1. We have the G–7, the G–8, and the G–20—explain how you came up with the idea of the G-Zero?
Simply put, the G–7 and the G–20 no longer reflect the world we live in—each for their own reasons. After the financial crisis of 2008, it was clear that the G–7 was too narrow to solve the problem—the United States and its allies alone could not stem a crisis that was impacting so much of the world. The result was an empowered G–20, in which a lot more players with a lot more voices briefly came together to provide global leadership. This moment of coordination proved to be fleeting—the G–20’s component nations only worked together as long as there was a looming crisis that affected them to a similar degree, and for a similar duration.
When the dust settled, we saw the fundamental shift occurring today: the West is riddled with debt and less capable of providing global leadership, while emerging markets like China have proven resilient and increasingly important on a global scale. Yet those markets remain unwilling to set an international agenda as they focus, first and foremost, on the domestic growing pains that come with development.
So if the G–7 can function but doesn’t reflect the global balance of power, and the G–20 is representative but cannot function, what do we have left? I call it the G–Zero: a volatile period during which no country or group of countries can set the global agenda and solve the world’s most pressing problems. We need answers on global concerns like climate change, the availability of food and water, nuclear proliferation, and international security. In the G–Zero, we’re not going to get them.
2. The notion that the United States is stuck in a period of “decline” following a decade or more of “triumphalism” seems to be in vogue right now, though you say it’s narcissistic. On the other hand, John Lloyd wrote in a recent Financial Times review of your book that America’s “days as a superpower are over”—is his summary of where you stand correct?
It’s true: recently, the big foreign policy debate has revolved around American decline, as academics and “thought leaders” line up for and against the notion. While this makes for good theater, it’s the wrong question altogether.
America’s “days as a superpower” are certainly not over, whether it’s in decline or not. Even if the United States is destined to fade into oblivion—which I strongly doubt—we can’t ignore its indispensability today. America is and will remain the world’s only superpower for some time still. It has residual strengths that make it the most important player on the global stage. It still boasts the world’s largest economy and its largest military. The American dollar is still the global reserve currency and the undisputed safe haven when volatility strikes.

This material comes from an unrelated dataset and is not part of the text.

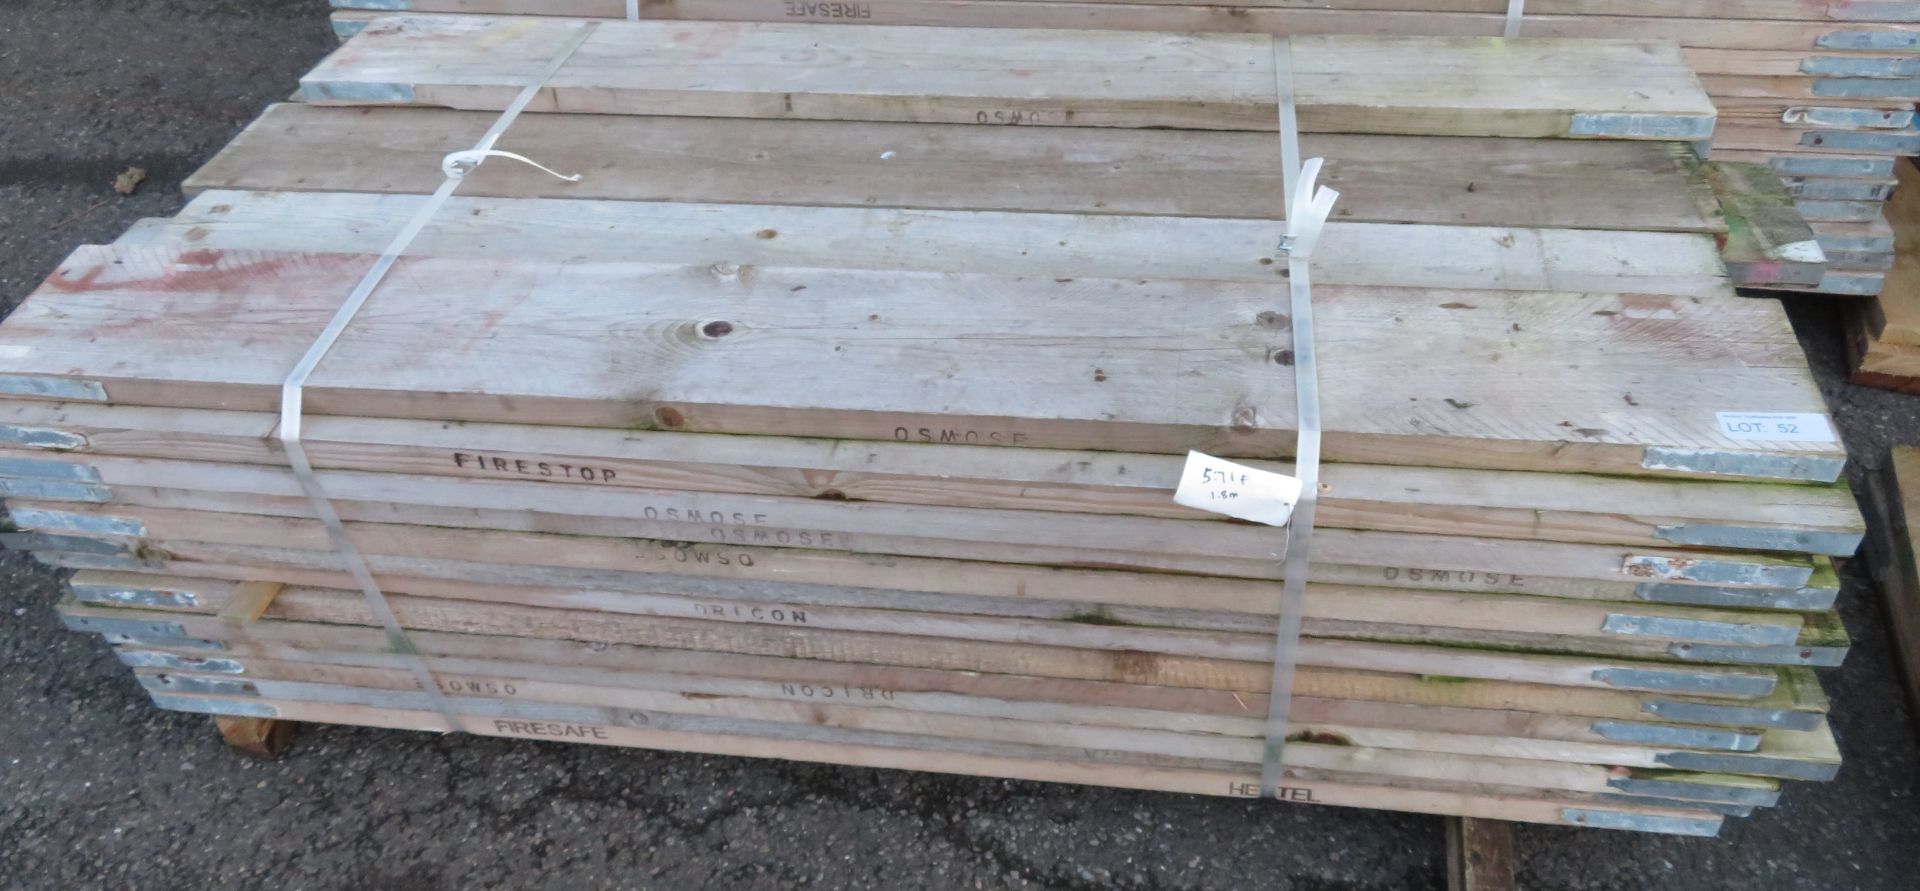 50x 6ft Wooden Scaffolding Board.

Here are the two irreconcilable facts that shape the United States’ role in foreign policy: first, it is the world’s most powerful and indispensable nation, and will remain so for the foreseeable future, whether or not it is in decline; and second, the United States is unwilling to provide global leadership as it used to, because of domestic economic concerns and war fatigue stemming from two long campaigns in the Middle East.
This is where narcissism comes in. Focusing on the question of American decline is problematic because it means we’re applying an American lens to global problems. Whether or not the United States is in decline, the important thing is that in today’s environment, America is the last best hope for global leadership, which it is unwilling and unable to provide. The United States will not intervene on behalf of the Syrian people. It will not bail out Europe. It will not bomb Iran. These are the facts, decline or not.
Today’s problems will be solved or ignored by today’s leaders. The question isn’t whether America is in decline. It’s who will lead if our only superpower can’t. In the G–Zero, we don’t have an answer.
3. Some of your book turns on the idea of “creative destruction.” What do you mean by this expression, and what role do you see for it in the coming generation?
For the first time in seven decades, we live in a world without global leadership. In the United States, endless partisan combat and mounting federal debt have stoked fears that America’s best days are done. Across the Atlantic, a debt crisis cripples confidence in Europe, its institutions, and its future. In Japan, recovery from a devastating earthquake has proven far easier than ending more than two decades of political and economic malaise.
But this story is not about the decline of the West. America and Europe have overcome adversity before and are well equipped over the long run to do it again. Nor is this a book about the rise of China and other emerging-market players. Their governments stand on the verge of tremendous tests at home. Rather, this book details a world in tumultuous transition, one that is especially vulnerable to crises that appear suddenly and from unexpected directions.
—From Every Nation for Itself: Winners and Losers in a G-Zero World. Reprinted by permission of Portfolio, © 2012 Ian Bremmer.
Creative destruction generally refers to evolution in the marketplace. It happens all the time. We see a product that can’t keep up with an ever-changing environment, and companies have to adapt or die out. We saw this as independent bookstores lost out to the Barnes & Nobles and Borders of the world, only to see Amazon threaten that business model as it took bookselling online. It’s a system of constant growing pains, success, and failure—but it’s productive and progressive.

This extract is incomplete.